Dismiss Notice
Join Physics Forums Today!
The friendliest, high quality science and math community on the planet! Everyone who loves science is here!

Homework Help: Double checking needed on 2 Differential Equations

  1. Jun 7, 2005 #1
    Problem 1:

    Find solution for:

    [tex](x^2\,-\,4)\,y''\,+\,(3\,x)\,y'\,+\,y\,=\,0[/tex]

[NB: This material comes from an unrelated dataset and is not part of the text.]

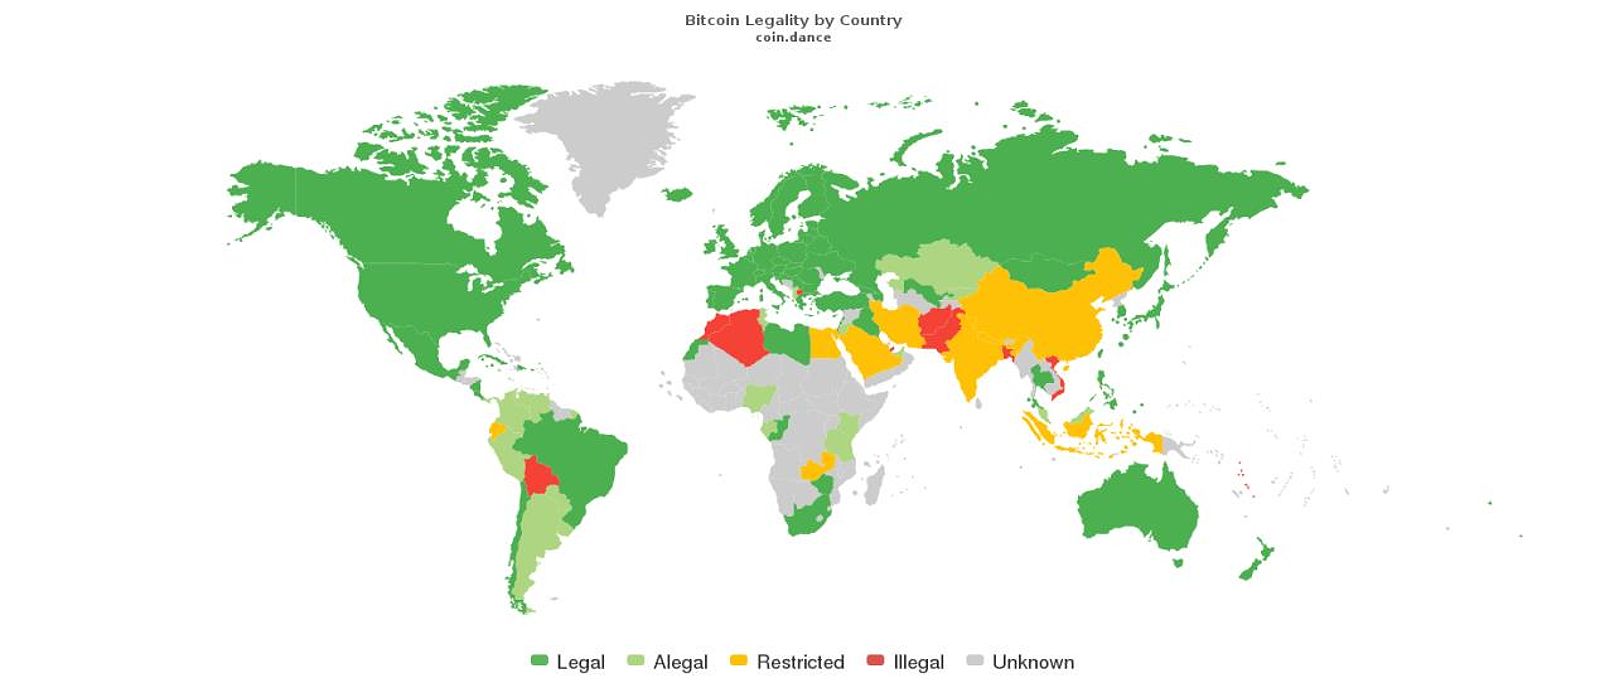 Biểu đồ pháp lý của Bitcoin trên thế giới
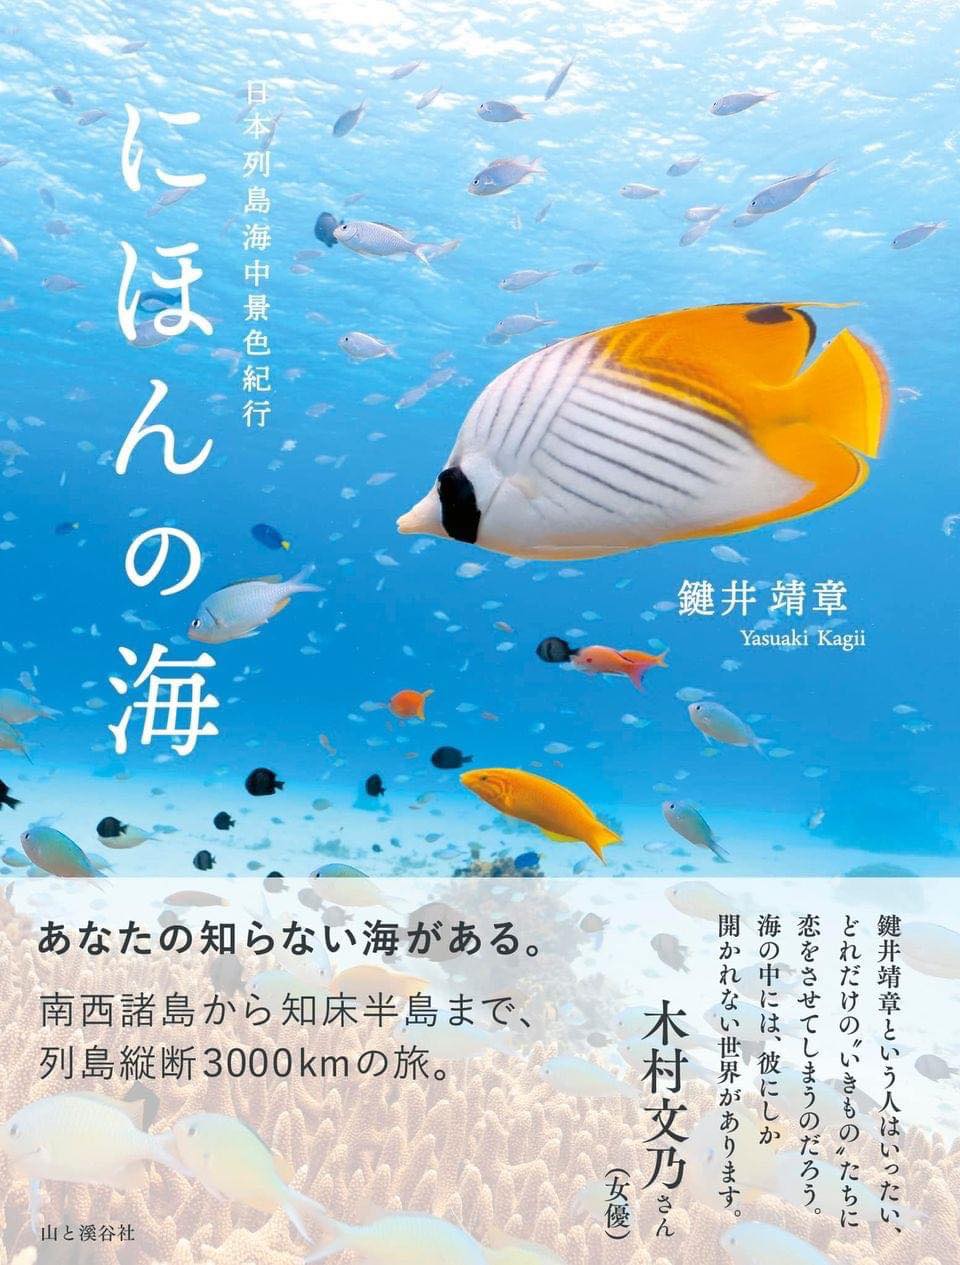 帯には何度か一緒に水中撮影旅行をしている女優の木村文乃さんが素敵なコメントを書いている

    using power series methods.

    Answer 1:

    I get a recursion formula:

    [tex]a_{n\,+\,2}\,=\,\frac{n\,+\,1}{4\,(n\,+\,2)}\,a_n[/tex]

    and a final answer:

    [tex]y(x)\,=\,a_0\,\left[1\,+\,\frac{x^2}{8}\,+\,\frac{3}{128}\,x^4\,+\,\frac{5}{1024}\,x^6\,+\,...\right]\,+\,a_1\,\left[x\,+\,\frac{x^3}{6}\,+\,\frac{x^5}{30}\,+\,\frac{x^7}{140}\,+\,...\right][/tex]

    Does that look right?



    Problem 2:

    Use Euler's method to solve:

    [tex](2\,x^2)\,y''\,+\,(x)\,y'\,+\,y\,=\,0[/tex]

    Answer 2:

    Using the quadratic equation to solve for r:

    [tex]2\,r^2\,-\,r\,+\,1\,=\,0[/tex]

    [tex]r\,=\,\frac{1}{4}\,\pm\,\frac{\sqrt{7}}{4}\,i[/tex]

    Which means that:

    [tex]\lambda\,=\,\frac{1}{4}[/tex] AND [tex]\mu\,=\,\frac{\sqrt{7}}{4}[/tex]

    And finally:

    [tex]y(x)\,=\,C_1\,x^{\frac{1}{4}}\,cos\,(\frac{\sqrt{7}}{4}\,ln\,x)\,+\,C_2\,x^{\frac{1}{4}}\,sin\,(\frac{\sqrt{7}}{4}\,ln\,x)[/tex]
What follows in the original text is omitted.